Try it:
Copy nothing before the line that contains "Three of those"; from there, transcribe each line exactly through the end of the material, omitting pictures.

Dataset content:
++++++
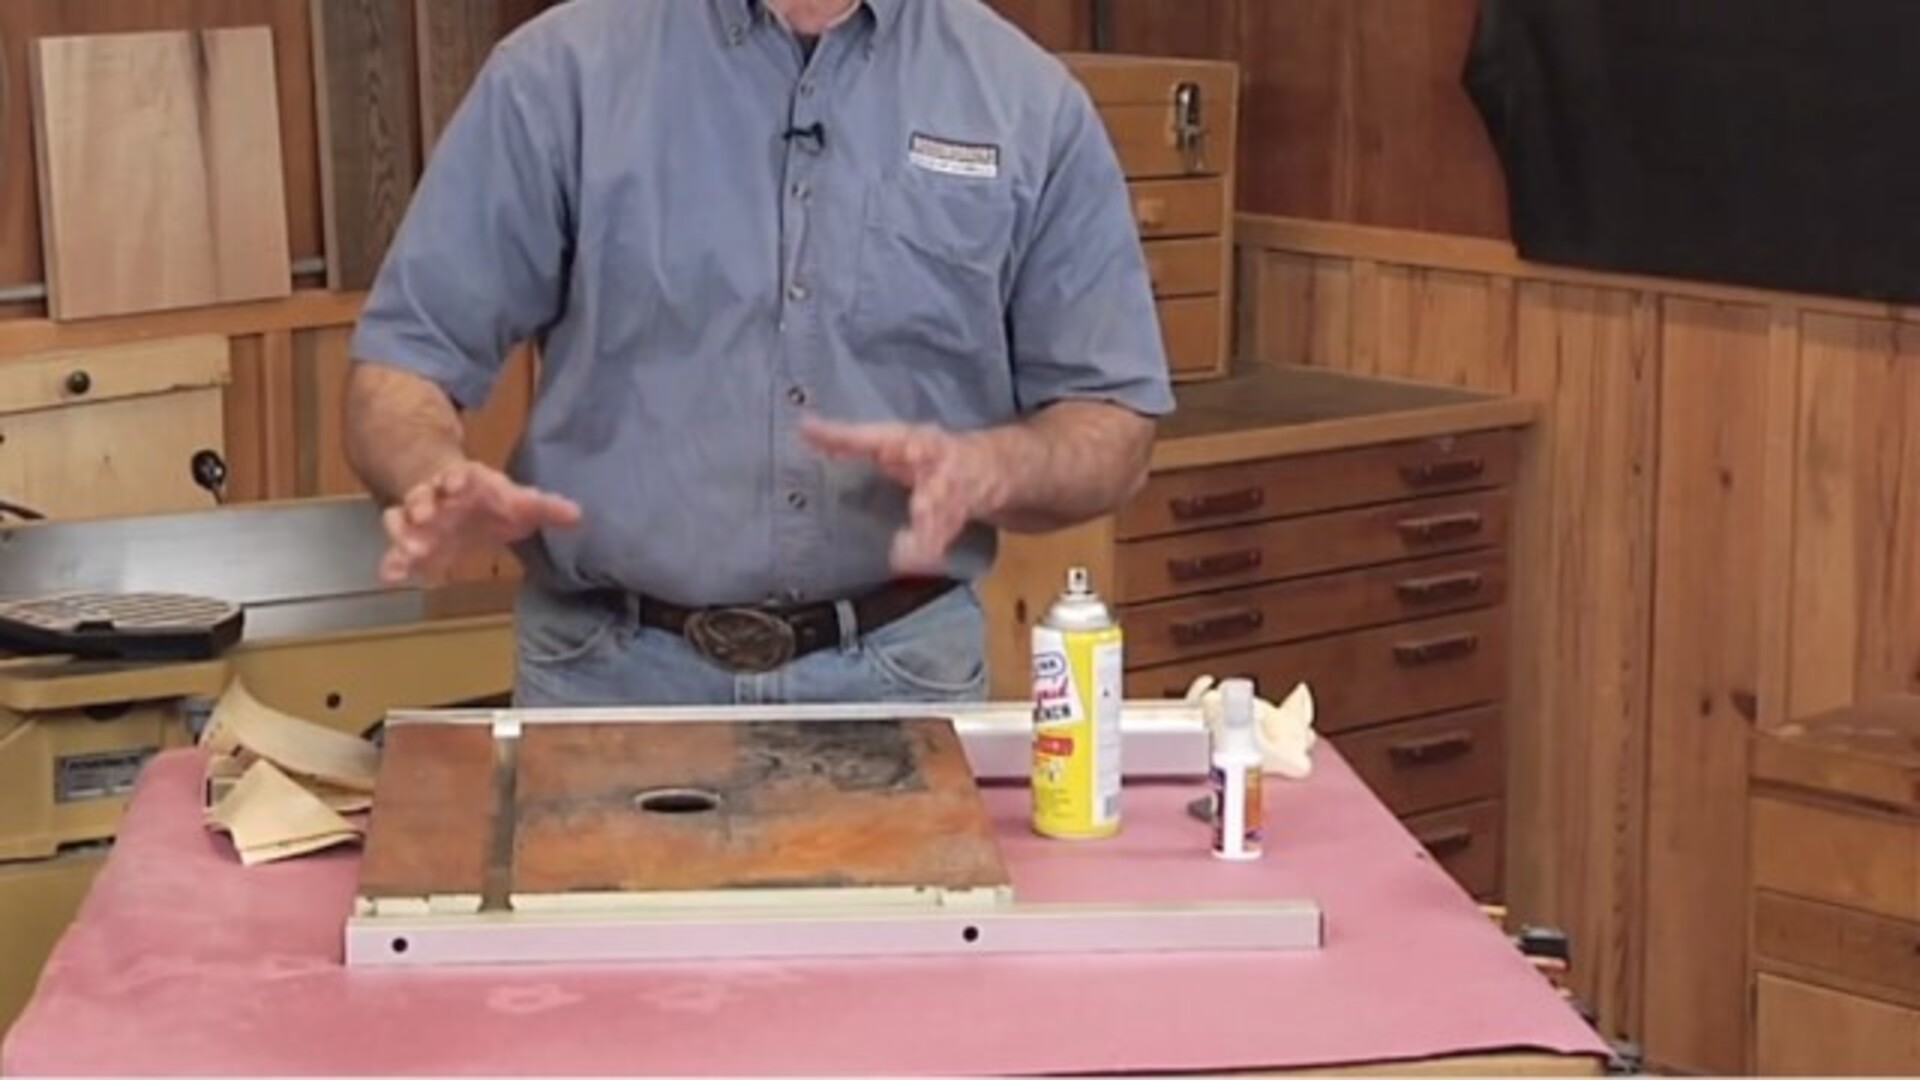 Waxing Cast Iron Table Saw top
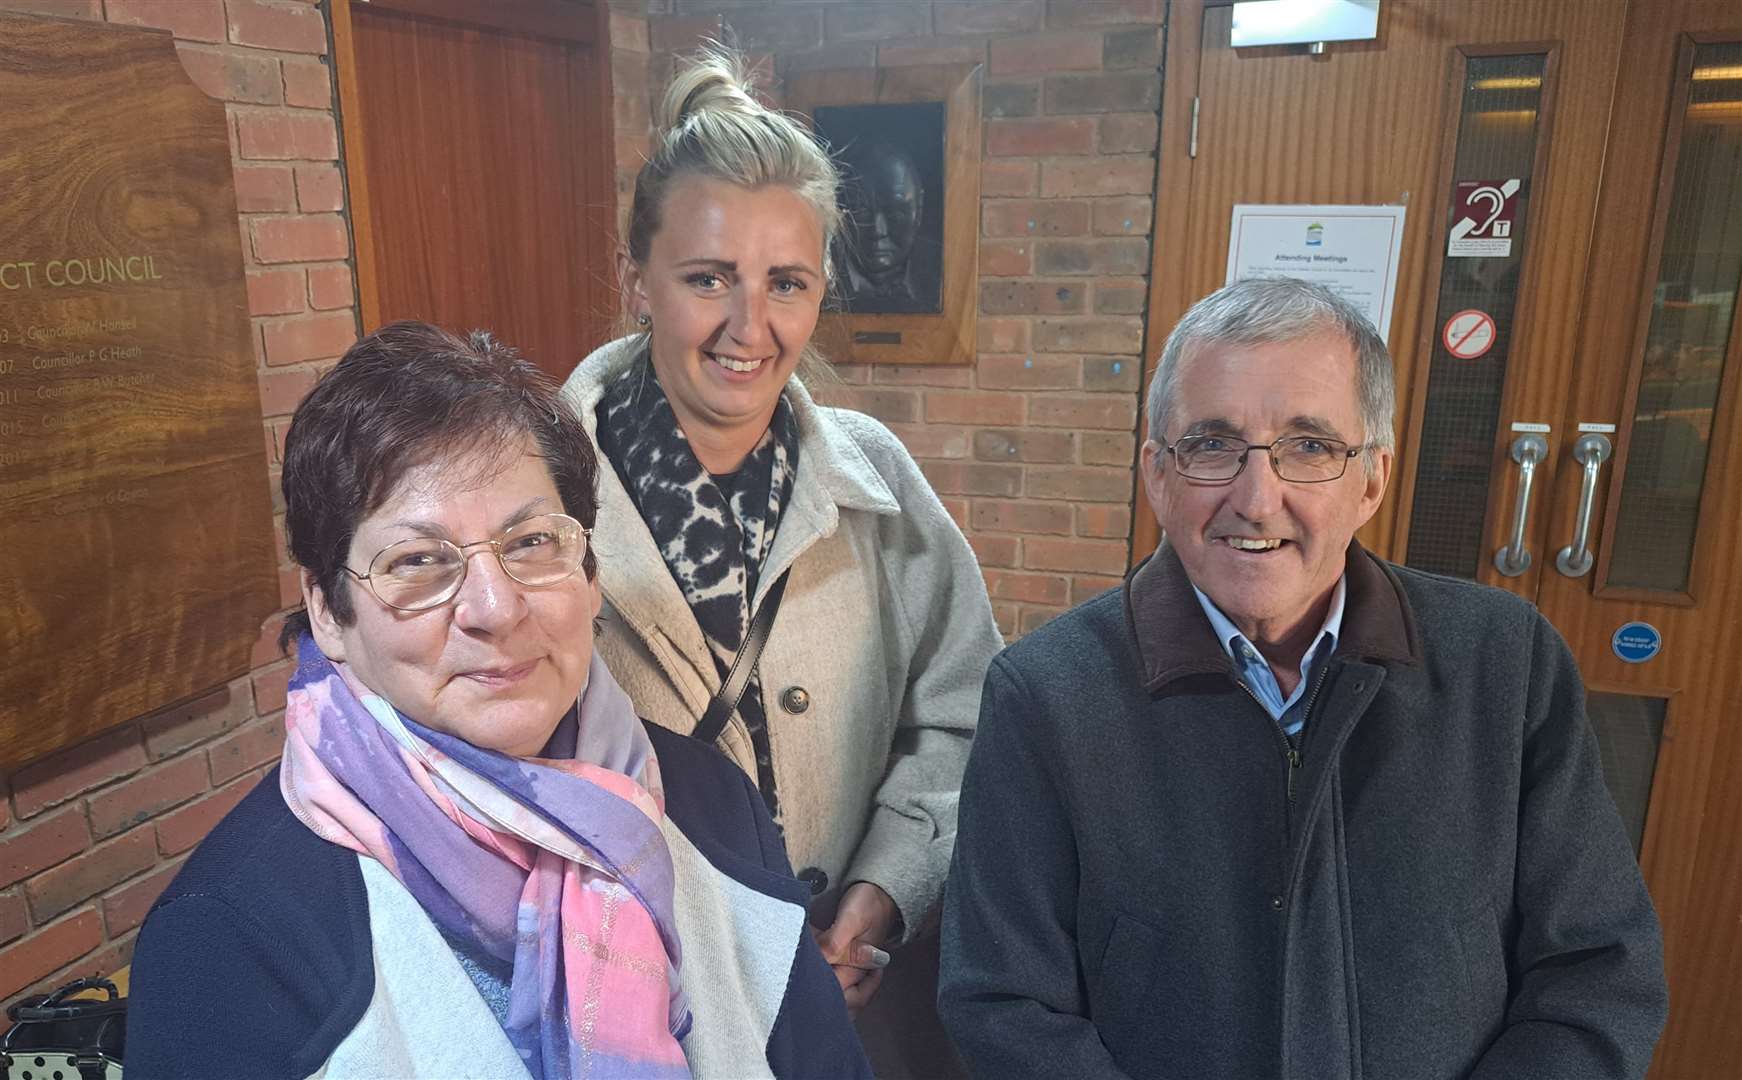 Three of those supporting the application for the Crown Inn at Finglesham – manager Michaela Hubble, licensee Amy Beaney and villager Anthony Wells
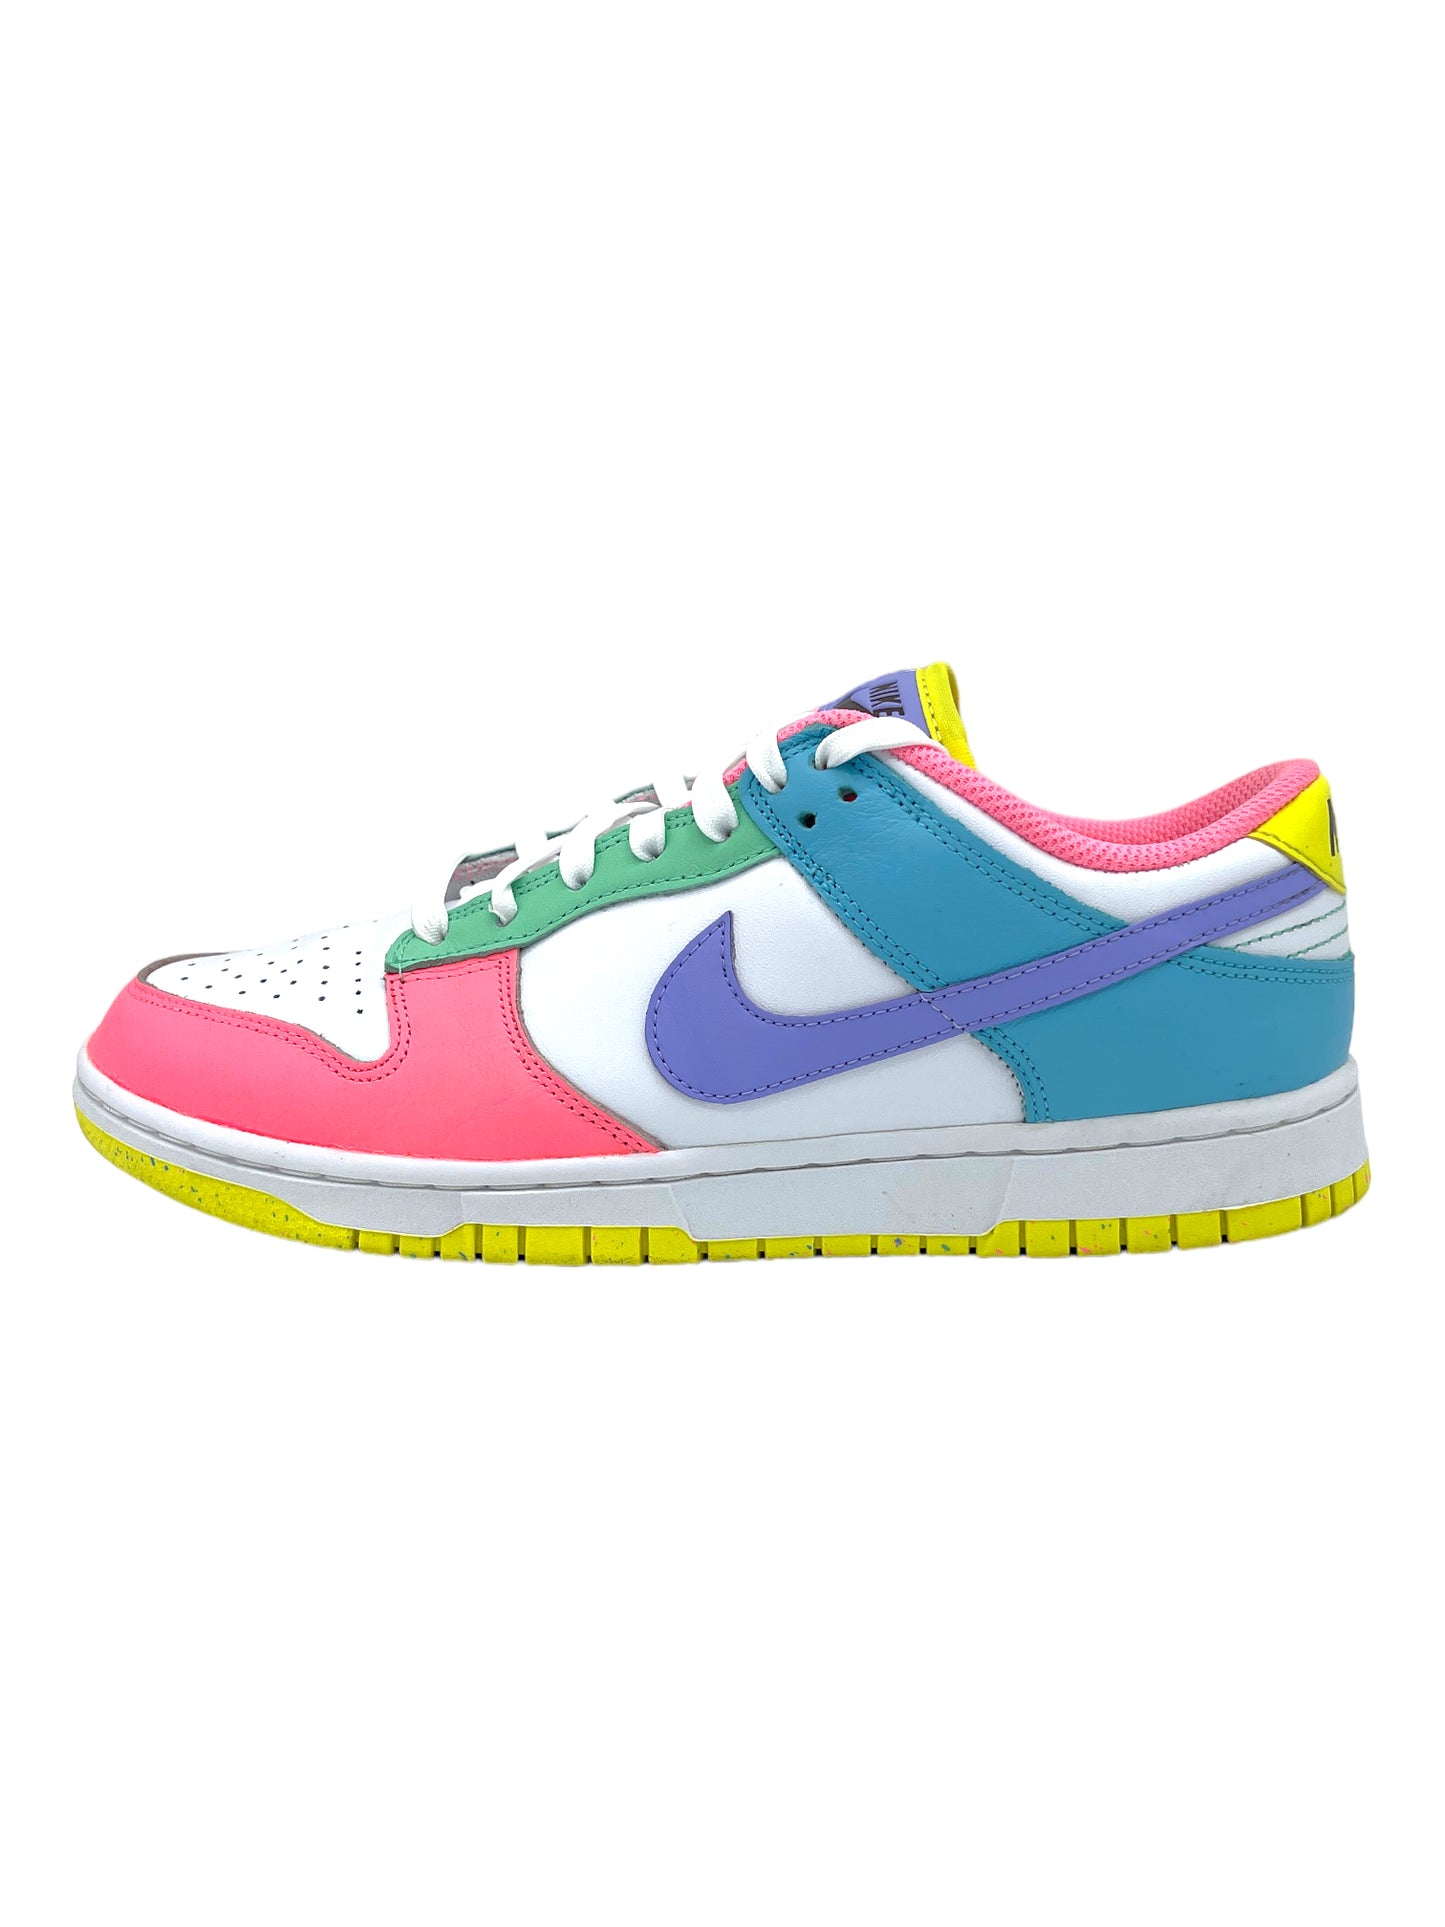 Nike Dunk Low SE Women’s ‘Easter Candy’ Sneakers
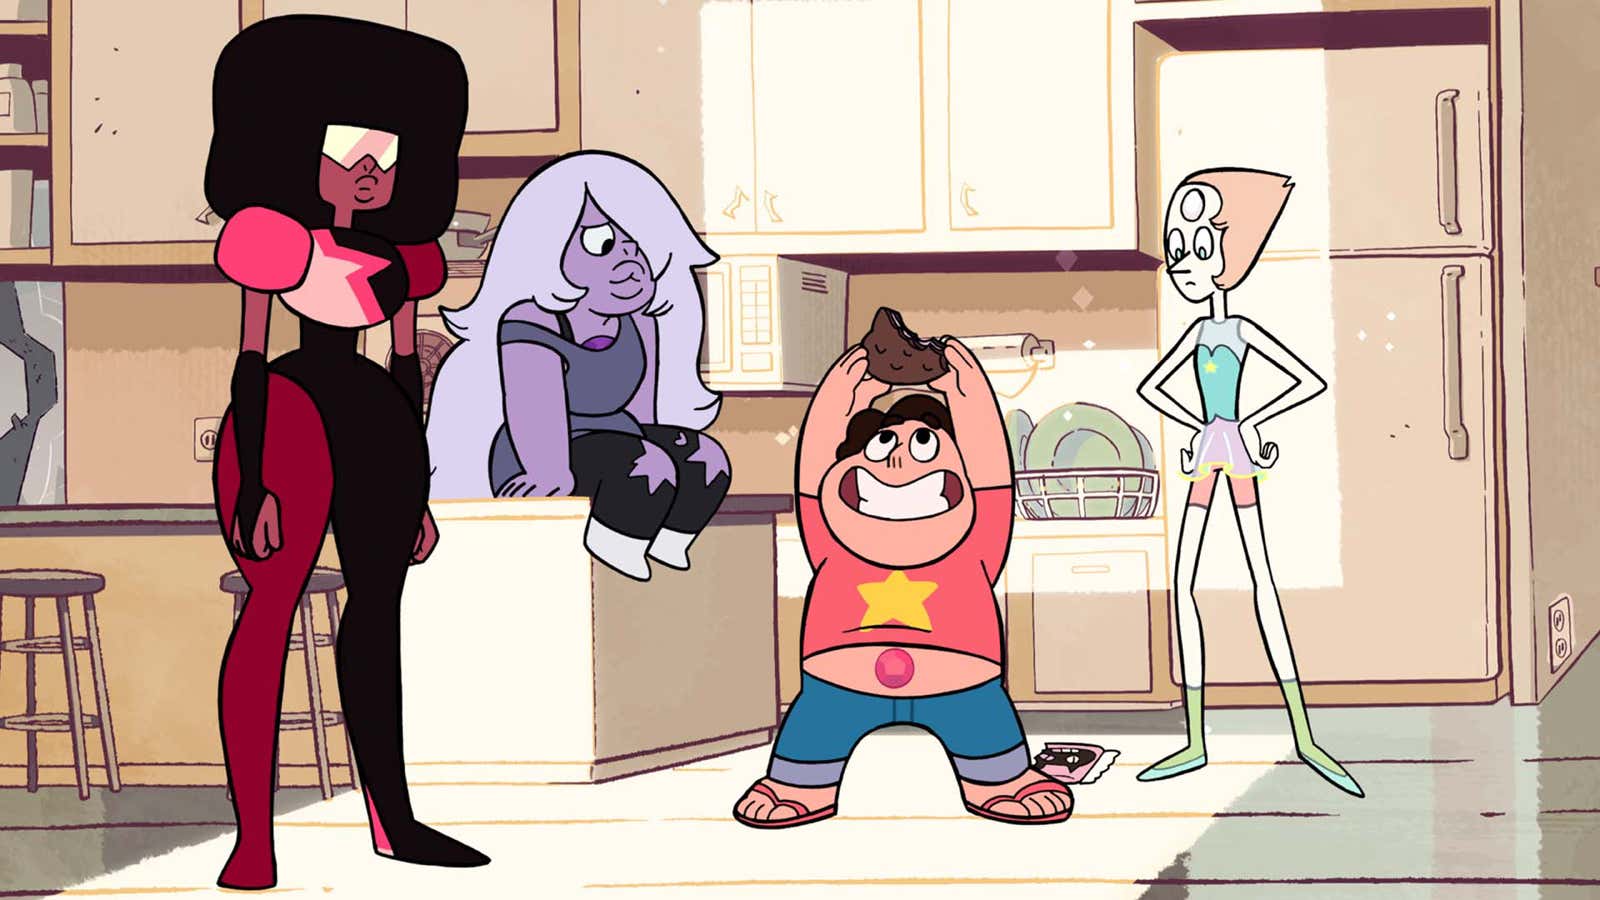 Steven Universe Is the Show Your Kids Should Be Watching – SheKnows
++++++
Response for this exercise:
 Three of those supporting the application for the Crown Inn at Finglesham – manager Michaela Hubble, licensee Amy Beaney and villager Anthony Wells
 Nike Dunk Low SE Women’s ‘Easter Candy’ Sneakers
 Steven Universe Is the Show Your Kids Should Be Watching – SheKnows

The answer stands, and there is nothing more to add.